━━━ Supplied information

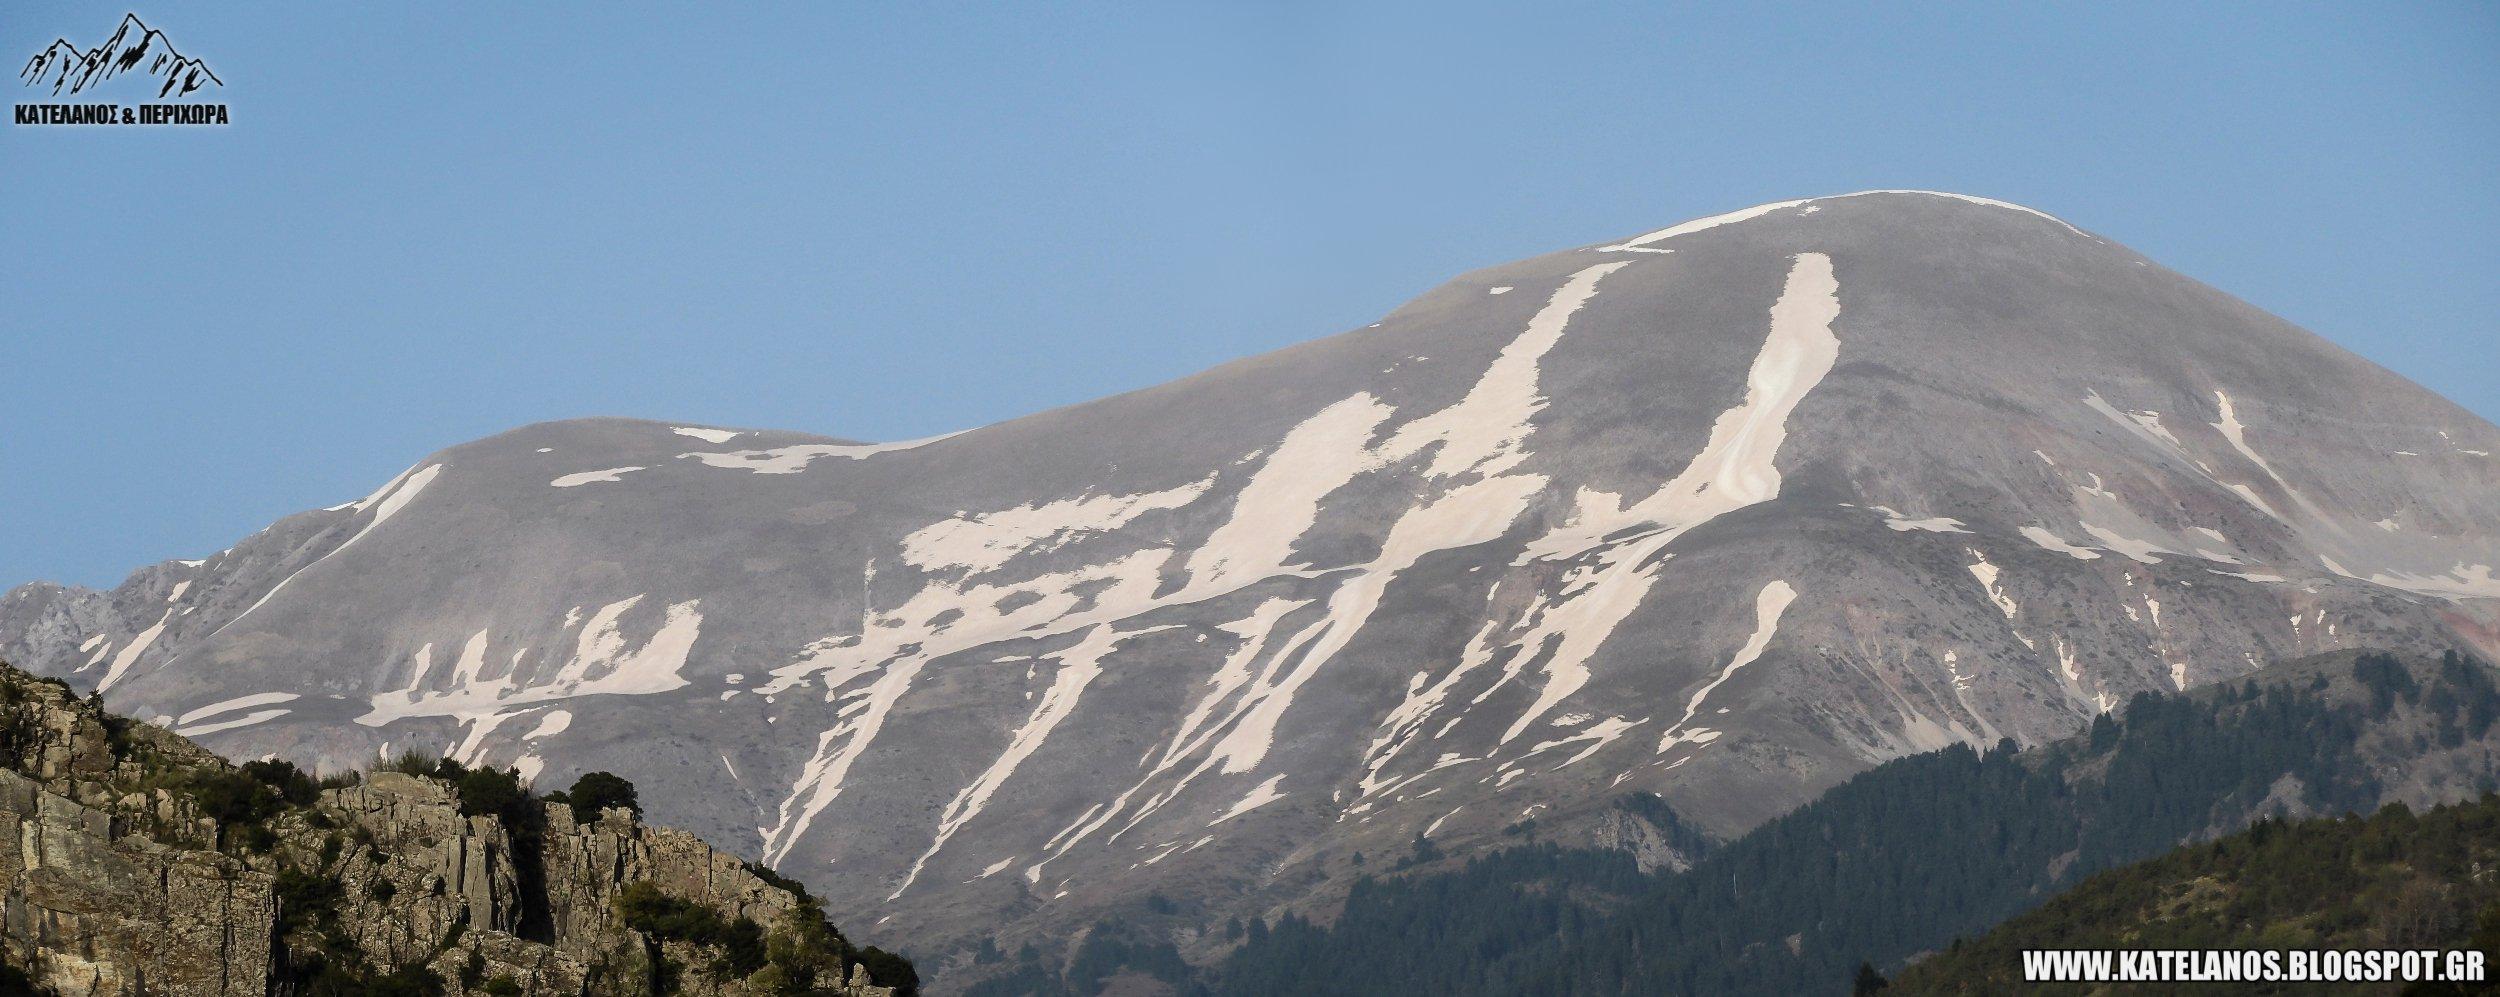 βουνο αυγο νοτιας πινδου τρικάλων χιονουρες
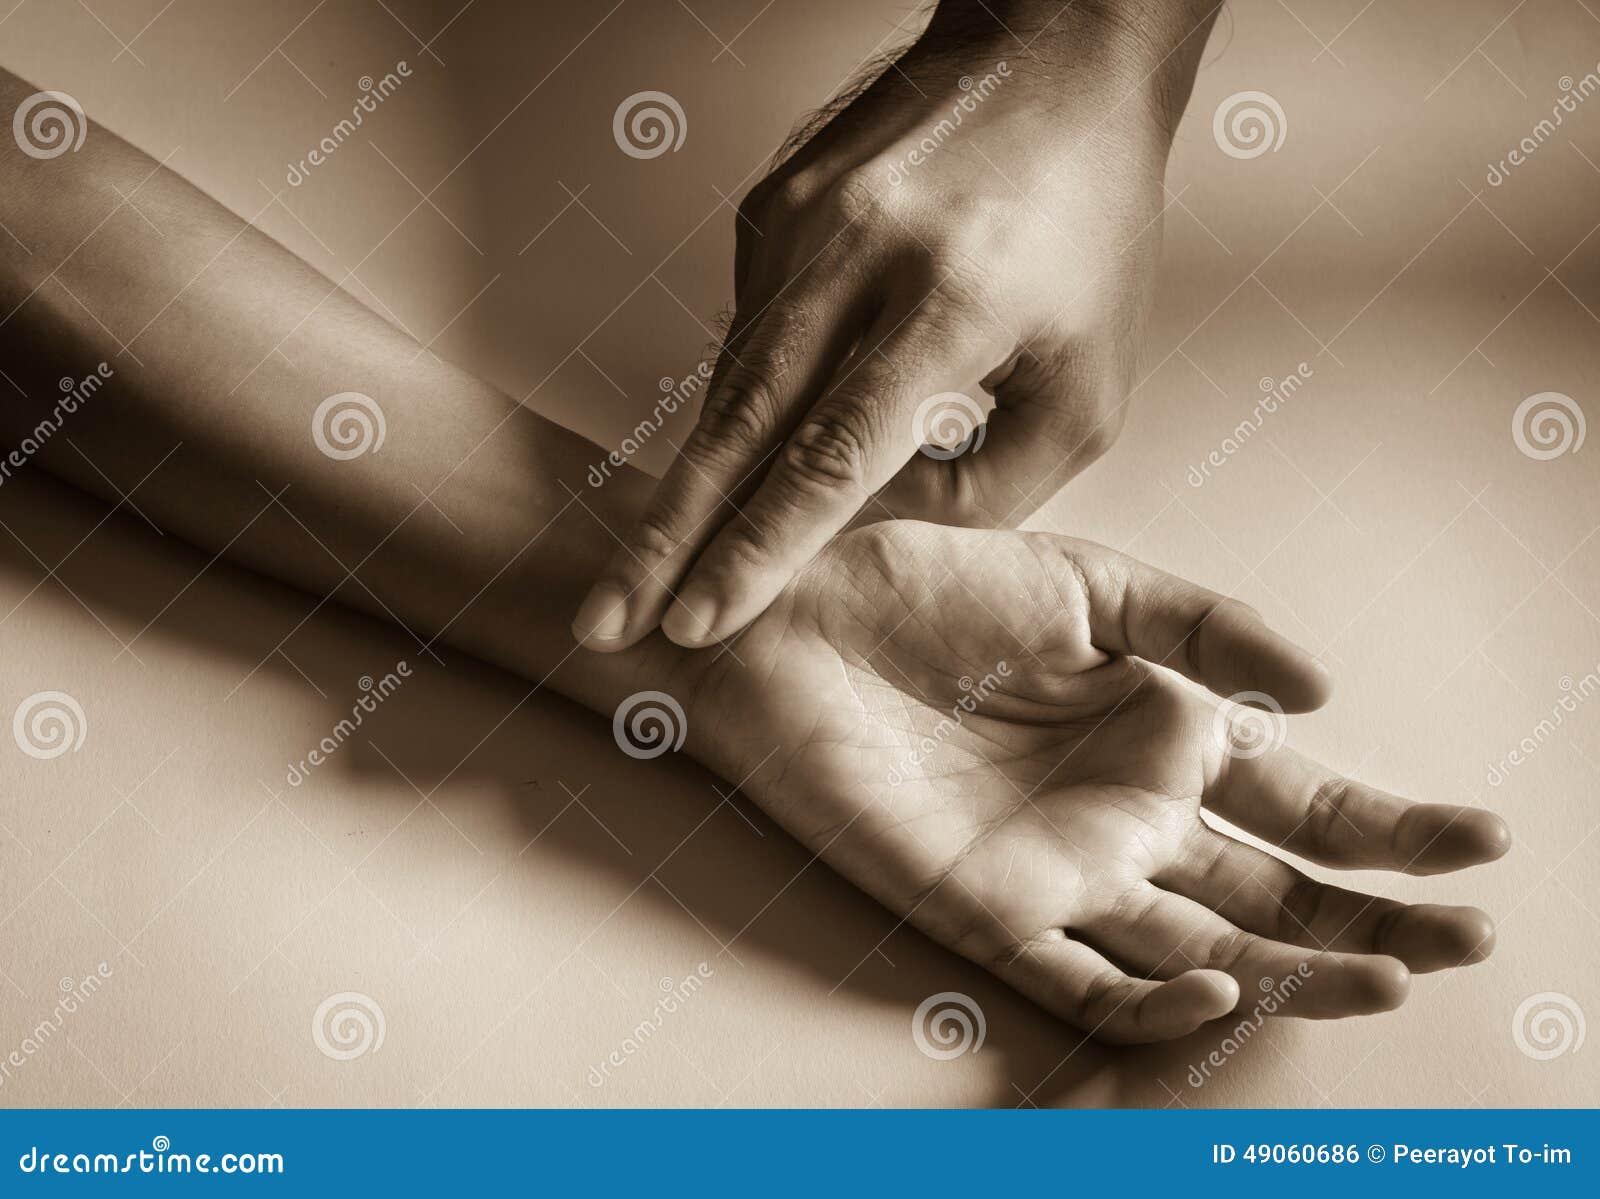 Diagnóstico del pulso con la mano
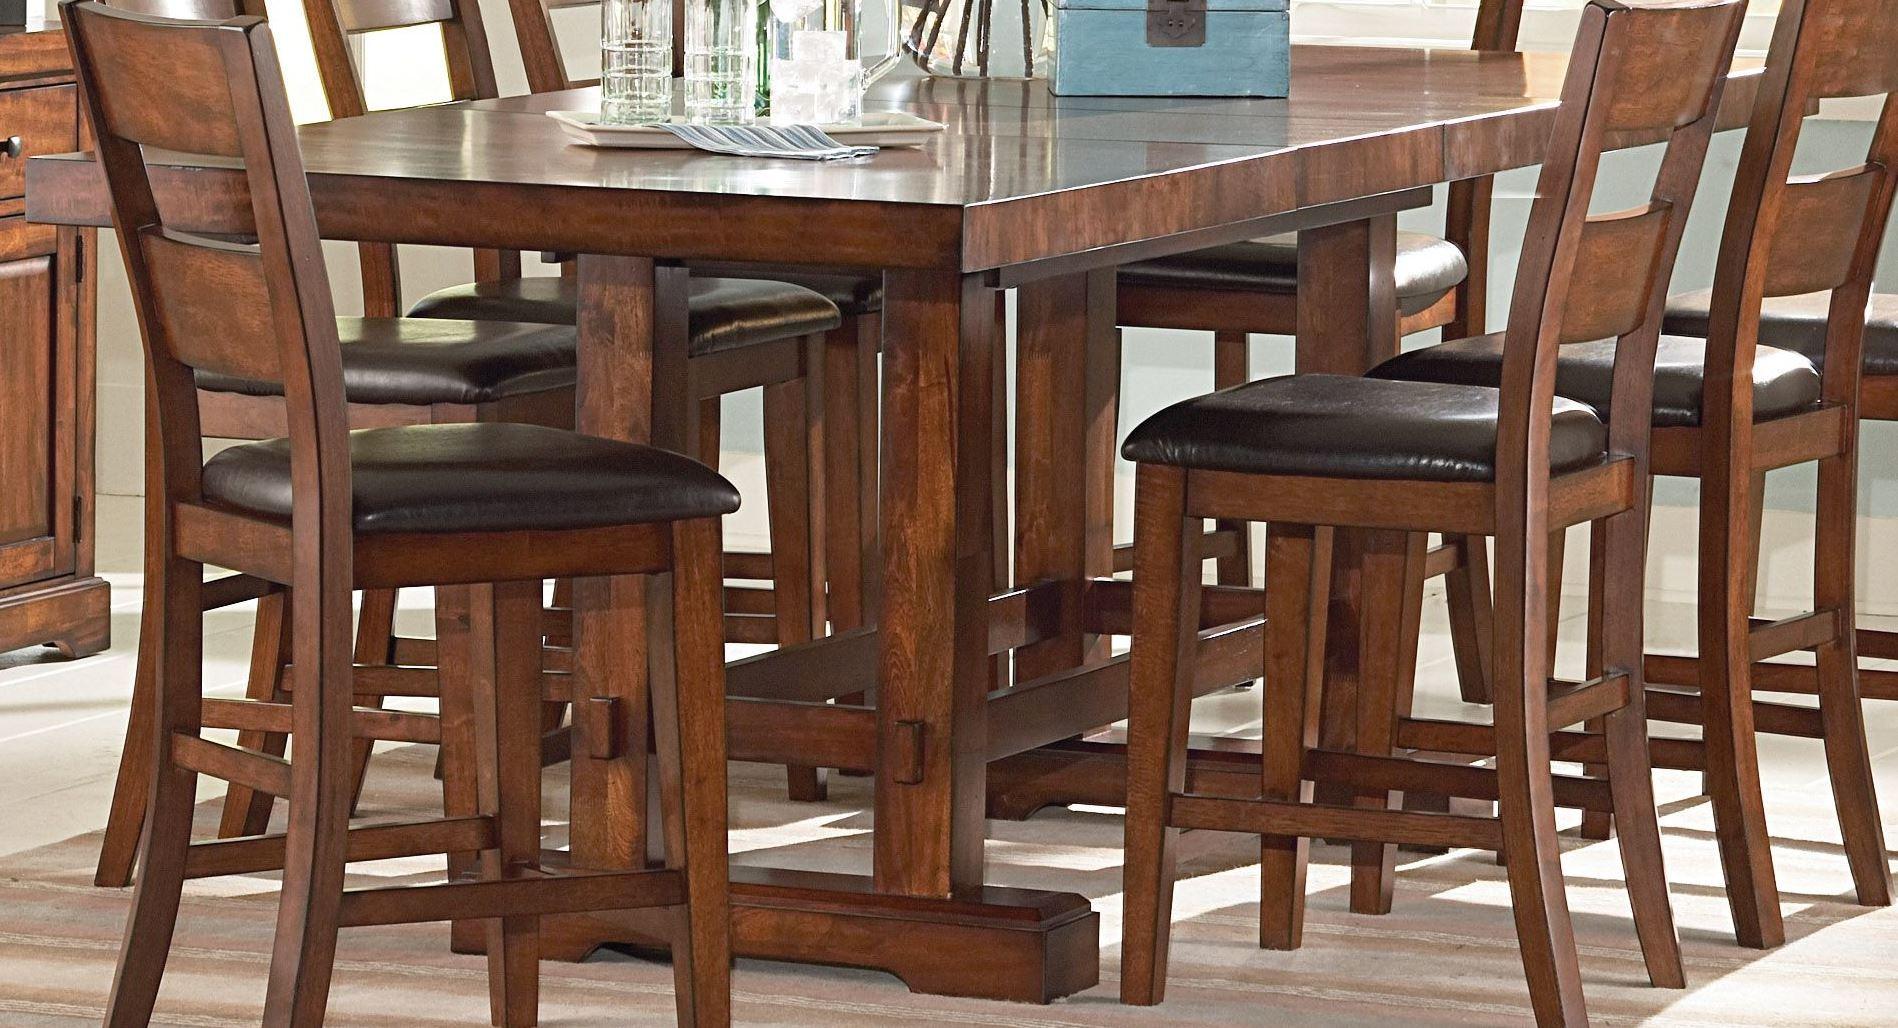 Zappa Medium Cherry Extendable Rectangular Counter Height  : zp550ptzp550cczp550sbdt from colemanfurniture.com size 1898 x 1028 jpeg 443kB

━━━━━━

Would you reproduce the lines above exactly, without carrying over the pictures?

Response to the exercise:
 βουνο αυγο νοτιας πινδου τρικάλων χιονουρες
 Diagnóstico del pulso con la mano
 Zappa Medium Cherry Extendable Rectangular Counter Height  : zp550ptzp550cczp550sbdt from colemanfurniture.com size 1898 x 1028 jpeg 443kB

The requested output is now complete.